Forward market prices for natural gas are dependent upon supply and demand
factors in such forward market and are subject to significant volatility. The
future net revenue estimates shown above are subject to change as forward
market prices change.

     The estimated fair value of the Company's Fixed-Price Contracts and
interest rate swaps and the associated carrying value as of June 30, 1999 are
identical. Such amounts are provided below.

<TABLE>
<CAPTION>
                                                              ESTIMATED
                                                             FAIR VALUE
                                                            ------------
                                                           (IN THOUSANDS)
<S>                                                        <C>
Derivative assets:
     Fixed-price natural gas swaps:
       Sales contracts..................................... $  15,357
       Purchase contracts..................................     1,558
     Fixed-price natural gas collars.......................       455
     Fixed-price natural gas delivery contracts............    70,195
     Interest rate swaps - fixed...........................     4,277
Derivative liabilities:
     Fixed-price natural gas swaps - sales contracts.......    (5,813)
     Fixed-price natural gas collars.......................    (7,065)
     Fixed-price natural gas delivery contracts............   (12,518)
     Natural gas basis swaps...............................    (3,943)
     Interest rate swaps - fixed...........................       (95)
                                                            ---------
     Total................................................. $  62,408
                                                            ---------
                                                            ---------
</TABLE>


     The fair value of Fixed-Price Contracts as of June 30, 1999 was
estimated based on market prices of natural gas and crude oil for the periods
covered by the contracts. The net differential between the prices in each
contract and market prices for future periods, as adjusted for estimated
basis, has been applied to the volumes stipulated in each contract to arrive
at an estimated future value. This estimated future value was discounted on a
contract-by-contract basis at rates commensurate with the Company's
estimation of contract performance risk and counterparty credit risk. The
terms and conditions of the Company's fixed-price physical delivery contracts
and certain financial swaps are uniquely tailored to the Company's
circumstances. In addition, the determination of market prices for natural
gas beyond a five year horizon is subject to significant judgment and
estimation. As a result, the Fixed-Price Contract fair value as reflected in
the balance sheet as of June 30, 1999 does not necessarily represent the
value a third party would pay to assume the Company's positions. See "Note 5
- -- Contingencies" of the Condensed Notes to Consolidated Financial Statements
appearing elsewhere in this document.

INTEREST RATE SENSITIVITY

     The Company has entered into interest rate swaps to hedge the interest
rate exposure associated with borrowings under the Credit Facility. As of
June 30, 1999, the Company had fixed the interest rate on average notional
amounts of $155 million for the balance of 1999, and $125 million, $125
million and $94 million for the years ending December 31, 2000, 2001 and
2002, respectively. Under the interest rate swaps, the Company receives the
LIBOR three-month rate (5.4% at June 30, 1999) and pays an average rate of
5.3% for the balance of 1999 and 5.0%, 5.0% and 5.0% for 2000, 2001 and 2002,
respectively. The notional amounts are less than the maximum amount
anticipated to be outstanding under the Credit Facility in such years.

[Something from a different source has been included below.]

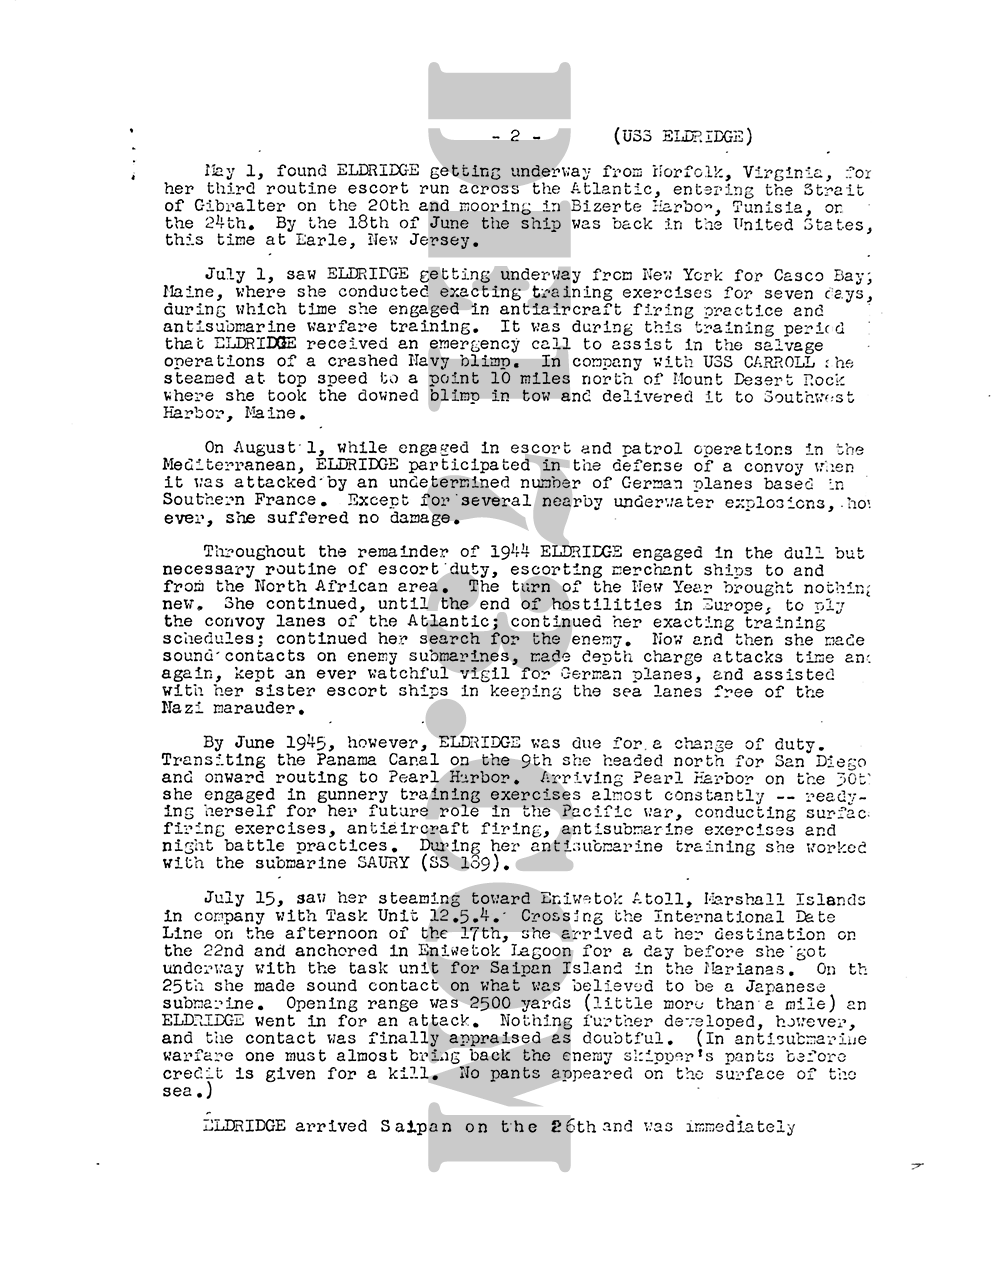 USS Eldridge Microfilm Page 002 - History

     Reference is made to the Company's Annual Report on Form 10-K, as
amended, for the year ended December 31, 1998 for an expanded discussion of
the Company's interest rate swaps.



                                Page 21 of 23

<PAGE>

                        LOUIS DREYFUS NATURAL GAS CORP.
                          PART II. OTHER INFORMATION


ITEM 1 -- NONE

ITEM 2 -- NONE

ITEM 3 -- NONE

ITEM 4 --  SUBMISSION OF MATTERS TO A VOTE OF SECURITY HOLDERS

    The 1999 Annual Meeting of Shareholders was held on May 18, 1999. The
following were submitted to a vote of the Company's shareholders:

     1.  The election of twelve directors for the ensuing year and until their
         successors are duly elected and qualified. The results of the election
         for each director are as follows:

<TABLE>
               <S>                      <C>
               Gerard Louis-Dreyfus     35,260,510 votes for; 995,294 votes withheld; 0 votes abstaining
               Simon B. Rich, Jr.       36,243,703 votes for; 12,101 votes withheld; 0 votes abstaining
               Mark Andrews             36,223,733 votes for; 32,071 votes withheld; 0 votes abstaining
               Mark E. Monroe           36,243,848 votes for; 11,956 votes withheld; 0 votes abstaining
               Richard E. Bross         36,225,024 votes for; 30,780 votes withheld; 0 votes abstaining
               Daniel R. Finn, Jr.      36,243,827 votes for; 11,977 votes withheld; 0 votes abstaining
               Peter G. Gerry           36,243,448 votes for; 12,356 votes withheld; 0 votes abstaining
               John H. Moore            36,242,098 votes for; 13,706 votes withheld; 0 votes abstaining
               James R. Paul            36,243,823 votes for; 11,981 votes withheld; 0 votes abstaining
               Ernest F. Steiner        35,261,313 votes for; 994,491 votes withheld; 0 votes abstaining
               Nancy K. Quinn           36,242,811 votes for; 12,993 votes withheld; 0 votes abstaining
               E. William Barnett       36,224,456 votes for; 31,348 votes withheld; 0 votes abstaining
</TABLE>

     2.   The approval of amendments to the Company's Stock Option Plan. The
          results of the shareholder vote included 32,213,770 votes for;
          4,031,436 votes against; and 10,598 abstaining.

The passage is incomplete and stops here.